Eric Horvitz, Microsoft’s chief scientific officer, says the path could unlock innovation in “the sleeping giant of healthcare.” Tech companies and hospitals are already deploying solutions to identify patients most likely to get worse or develop complications.
Advocates of artificial intelligence (AI) are making it possible for some pilots to review digital and video replays of their performance immediately after completing a flight and compare it to that of other pilots in existing aviation. It also points to technology. Similarly, certain robot-assisted surgical systems use algorithms based on previous procedures to help surgeons move controls more smoothly. A growing number of hospitals are also using AI networks to identify patients in emergency departments and intensive care units who are most at risk of stroke and other life-threatening conditions.
But even here, medicine seems to lag far behind aviation. Aircraft manufacturers have already devised cockpit features that can predict pilot reactions and unilaterally take over flight control systems in dire situations. However, doctors continue to resist letting his network of computers control decision-making and patient care.

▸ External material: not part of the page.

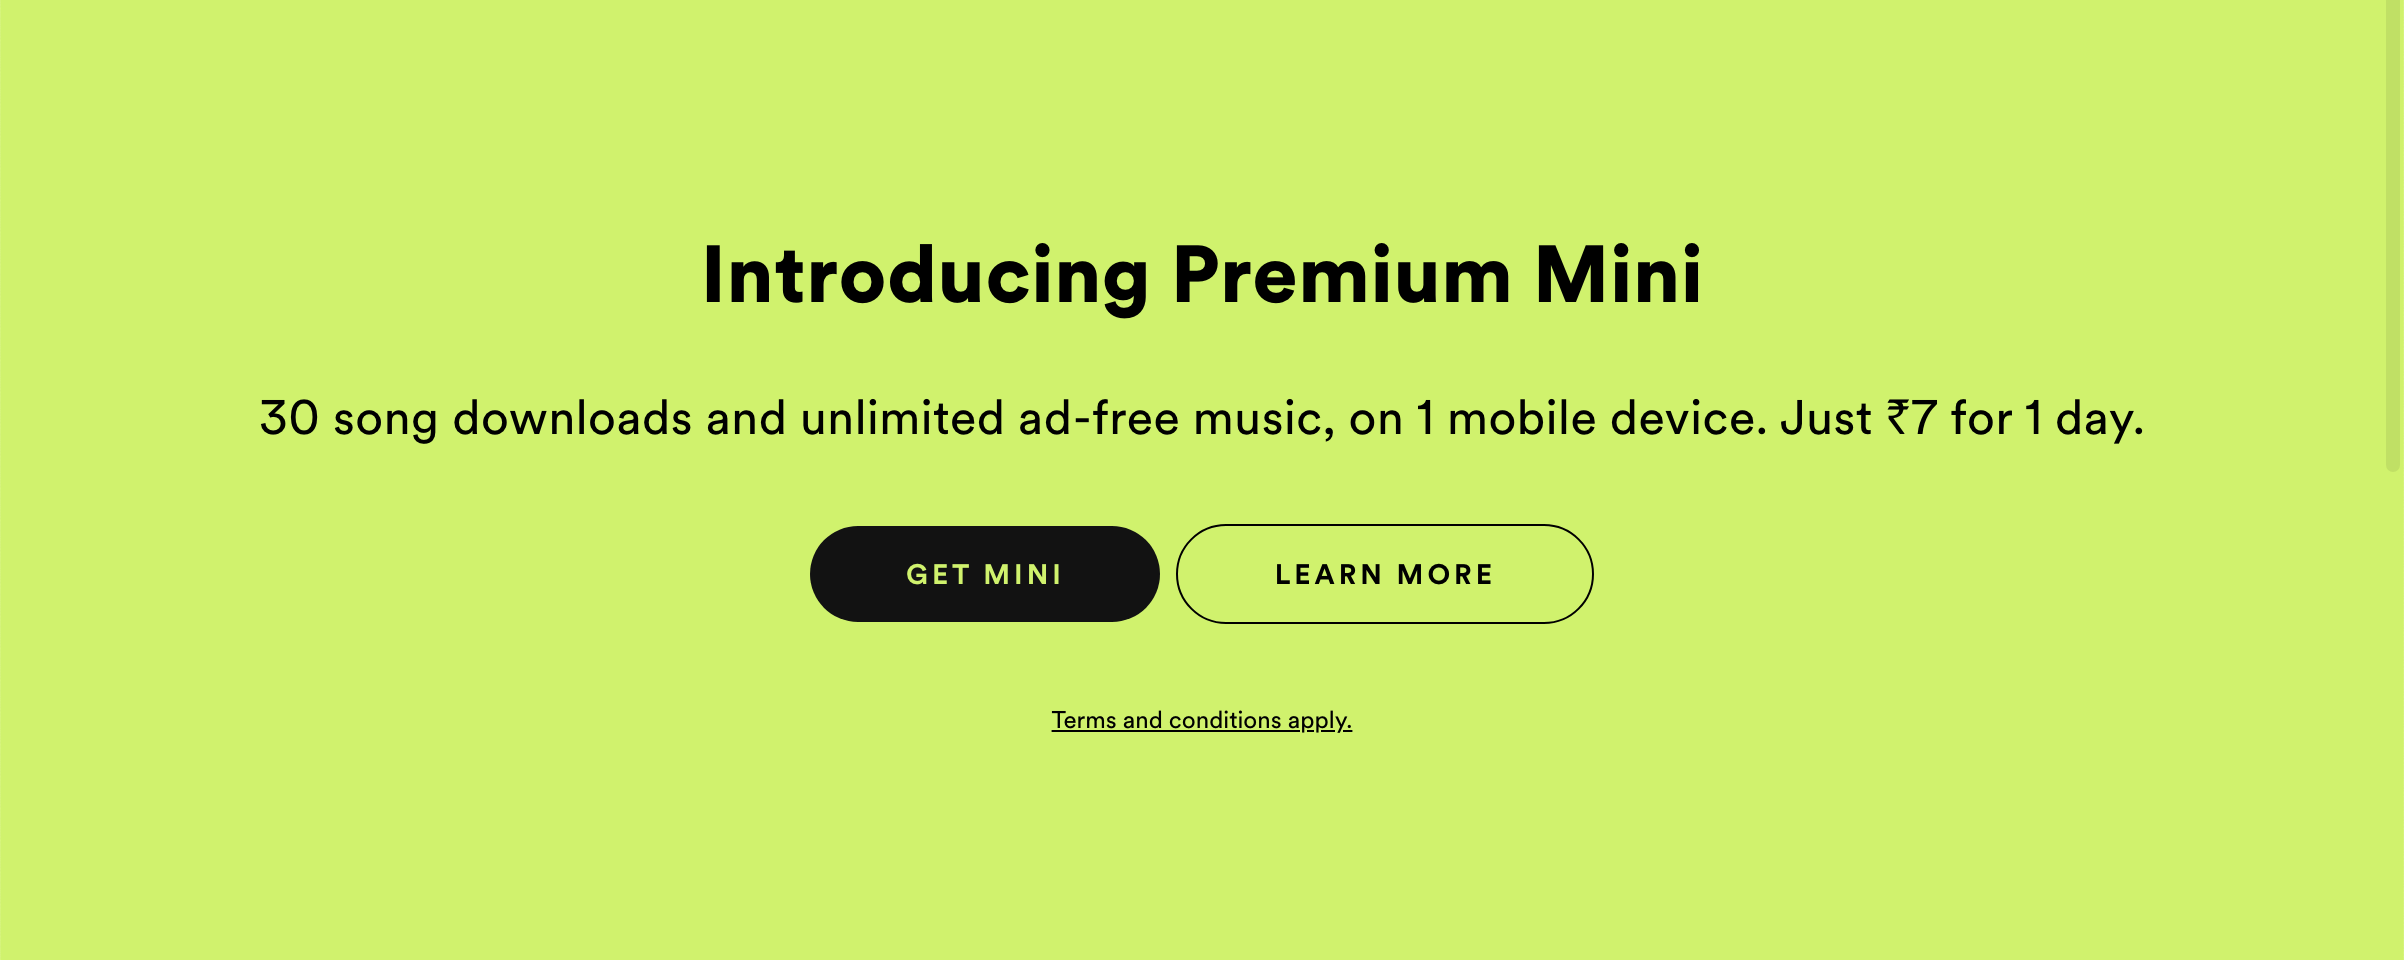 Spotify introduce Premium Mini in India – Unlimited ad-free music for 7 rupees/day or 25 rupees/week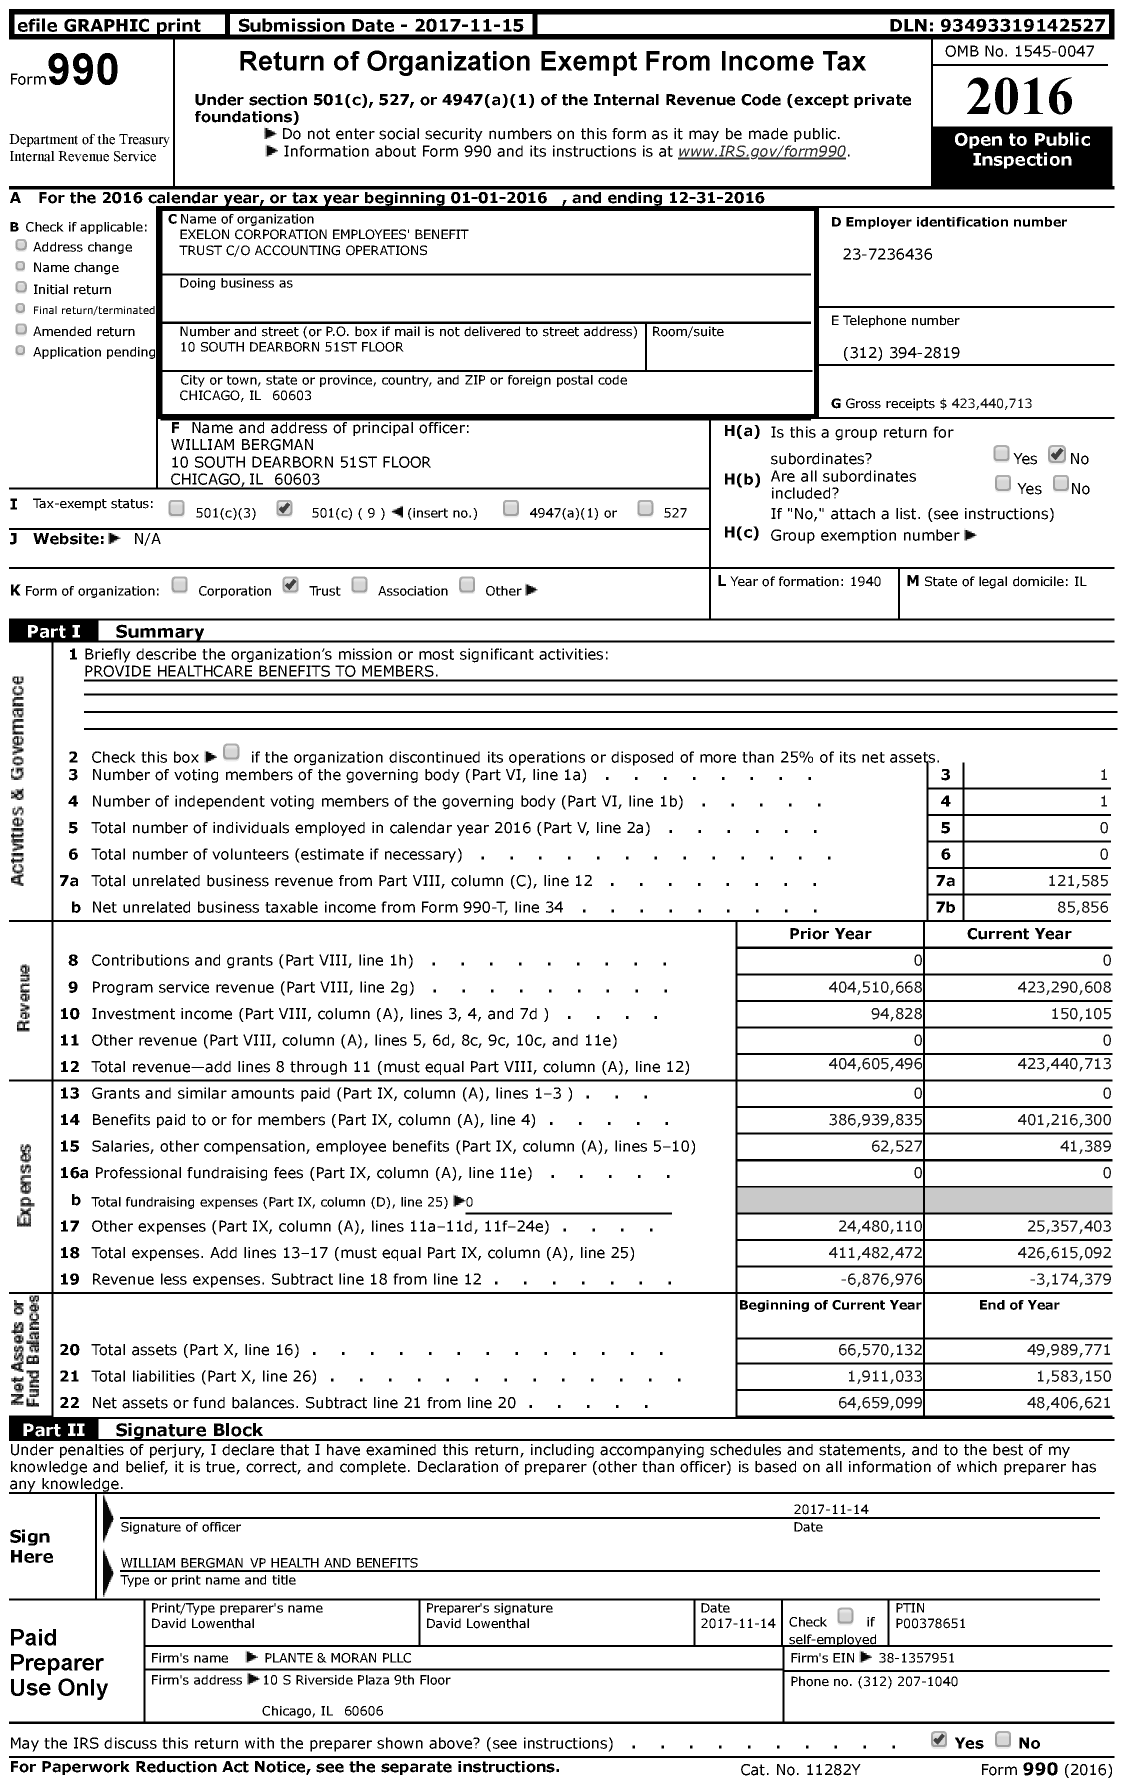 Image of first page of 2016 Form 990 for Exelon Corporation Employees' Benefit Trust

To further complicate matters, while AI-enabled software and devices are touted as time-saving, cost-saving, and more accurate solutions to complex medical procedures, the Food and Drug Administration It’s cracking down on a fledgling initiative fraught with technical and ethical issues. question.
Unless the medical community rethinks how reliable and proven aeronautical principles enhance hospital safety, the status quo portends well-intentioned debates for years to come. However, essential changes may be missing to reduce the tragedy of fatal errors in patients.